“¡Avances! ¡1, 2, 3!”. Las máquinas tragaperras llevan 40 años movilizando a la parroquia de los bares españoles. Es difícil abstraerse de la matraca con voz metálica que se cuela sobre las conversaciones y el trajín de vasos y cucharas. Difícil desoír la llamada de la ludopatía. Durante décadas estas máquinas han sido un elemento castizo de la cultura popular, normalizando el juego como parte del ocio. Pero ahora están en entredicho. Valencia es pionera en su regulación. El Gobierno regional (socialistas, Compromís y Podem) ha pactado fijar una distancia de 850 metros entre bares donde haya tragaperras y centros educativos, sanitarios y recintos deportivos. Podem también pidió eliminar las máquinas de los bares en un plazo de 10 años, limitando las licencias, pero esta enmienda a la Ley del juego ha sido suavizada con una moratoria de cuatro años.

Hay quien celebra la restricción. Carlos estuvo años alimentando las tragaperras de su ruta entre Oliva y Valencia hasta que el 21 de febrero de 1991 decidió empotrar el coche contra un camión. “En el último segundo pegué un volantazo y lo evité”, rememora este mensajero jubilado de 75 años, que pensó en el suicidio como salida a una vida ingobernable. “Estaba tan obsesionado con las tragaperras que un día, cenando en un restaurante con mi mujer, me levanté para ir al baño y en lugar de eso me puse a jugar”.

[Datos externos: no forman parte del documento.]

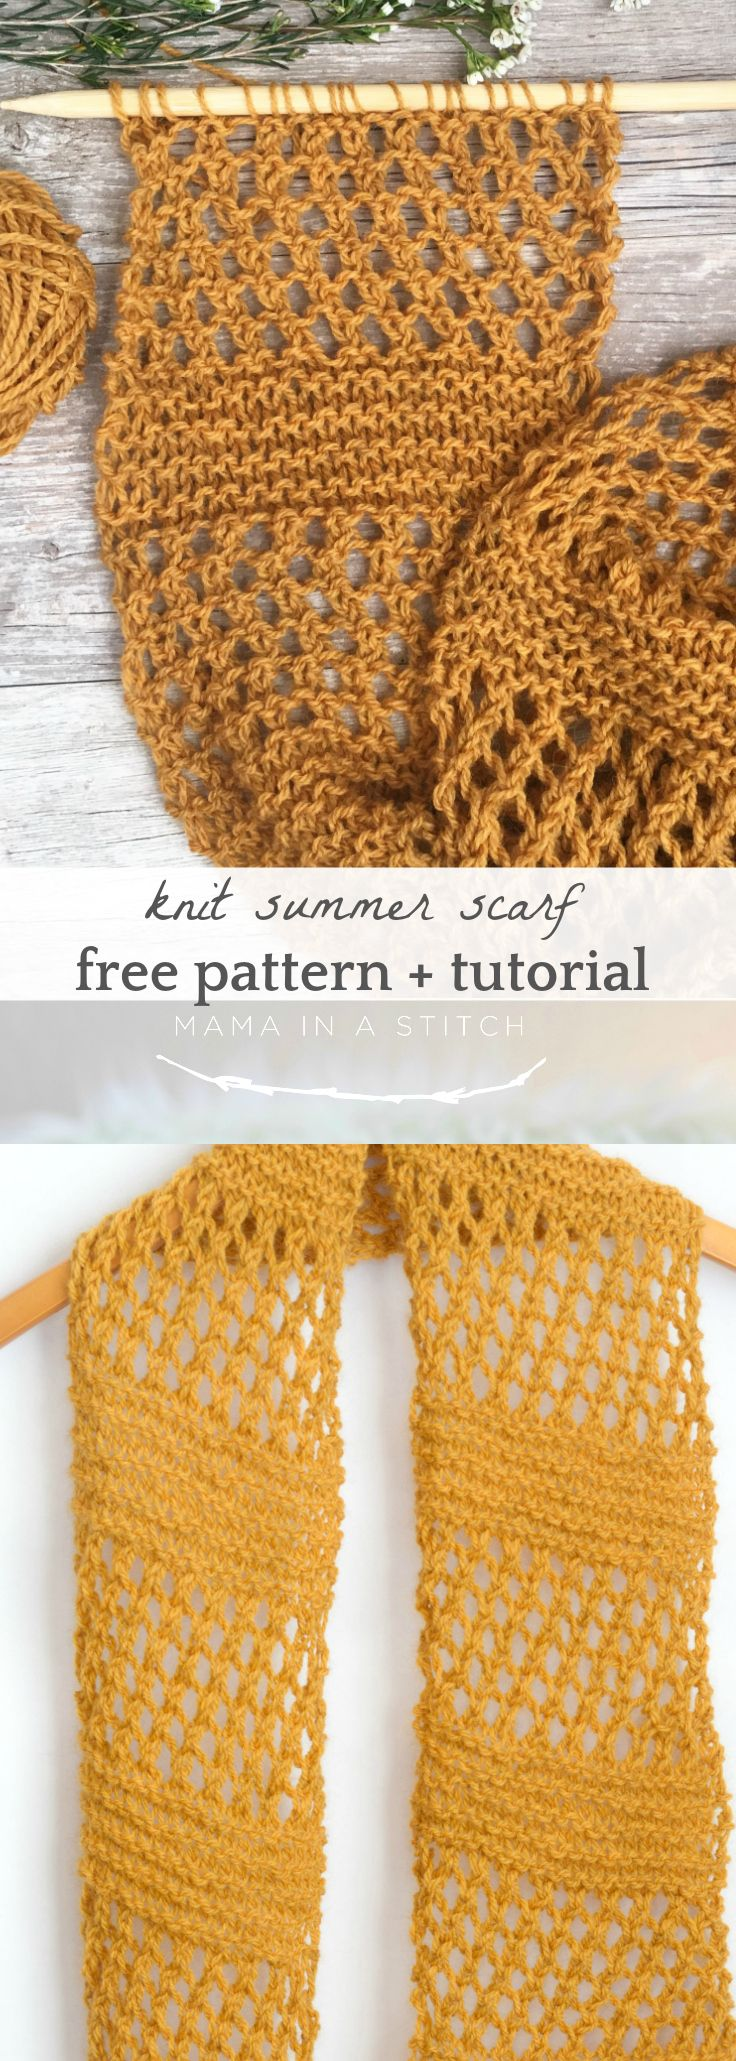 Honeycombs Summer Easy Scarf Knitting Pattern via @MamaInAStitch #freeknittingpattern #diy #gifts #mothersday #spring #style #knittingpattern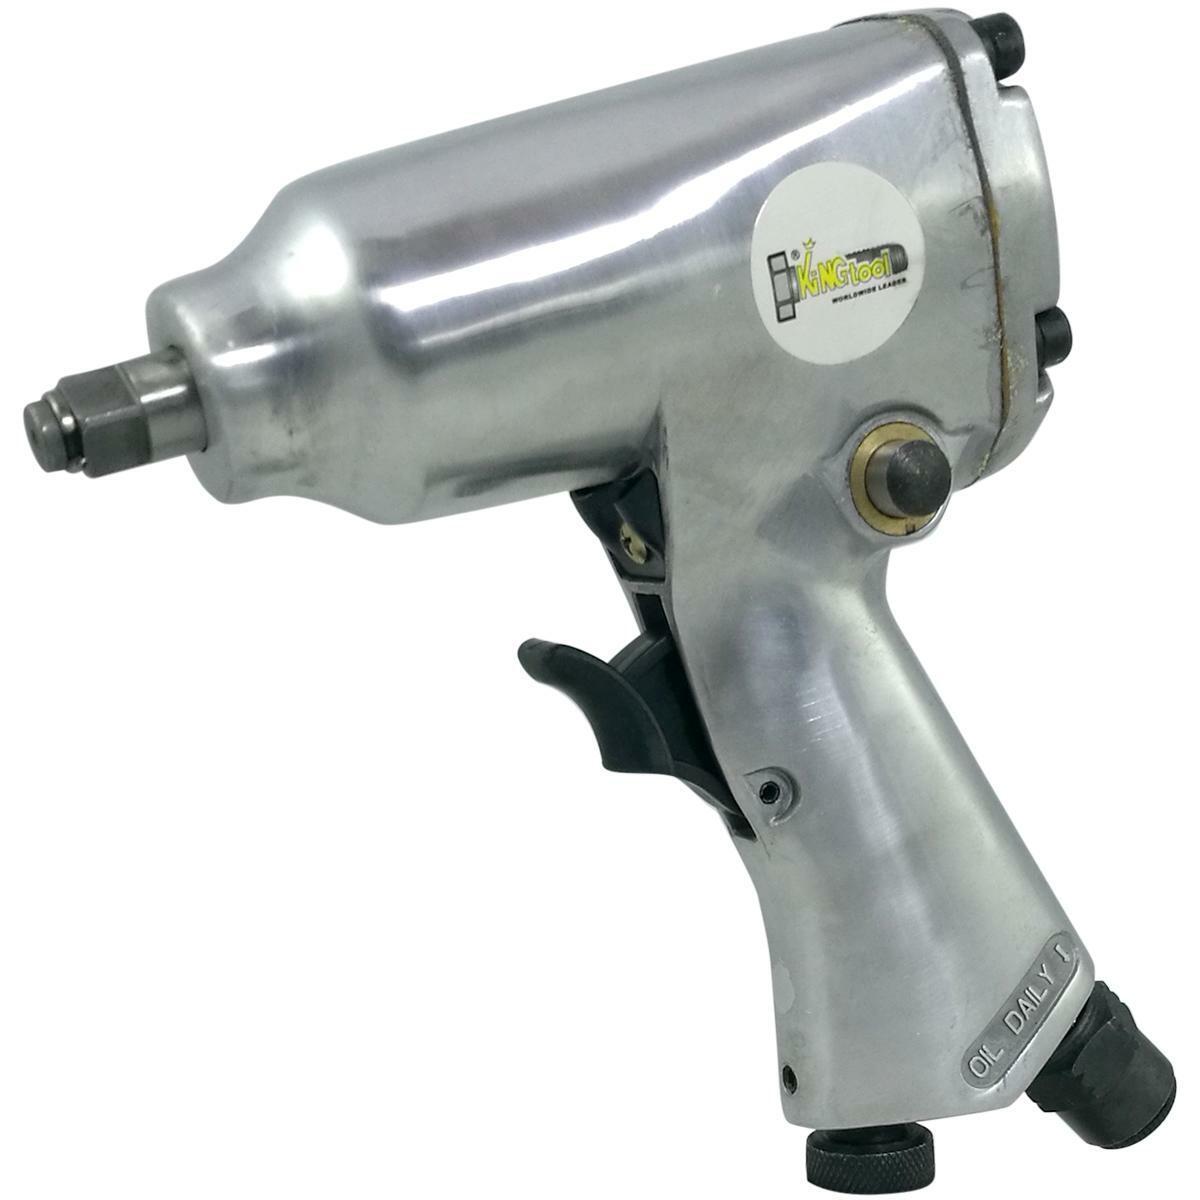 starkemunic avvitatore pneumatico 3/8 con adattatore 1/2

Como casi todas las adicciones, la suya fue antes un hábito social. Tiraba unas pesetas con los amigos tras la partida de chinchón o echaba las vueltas del almuerzo, pero un premio gordo le trastocó. “Enseguida caí en el vicio. Las primeras mil pesetas [seis euros] del día eran para el carajillo y la máquina. Mientras mi mujer trabajaba yo jugaba; un día el director del banco llamó a casa y le dijo que debíamos 300.000 pesetas [1.800 euros]. Ahí se descubrió todo el pastel”, recuerda. Tras tapar el boquete —con dinero de su mujer y su madre— recuperó su vida gracias a las terapias de Jugadores Anónimos.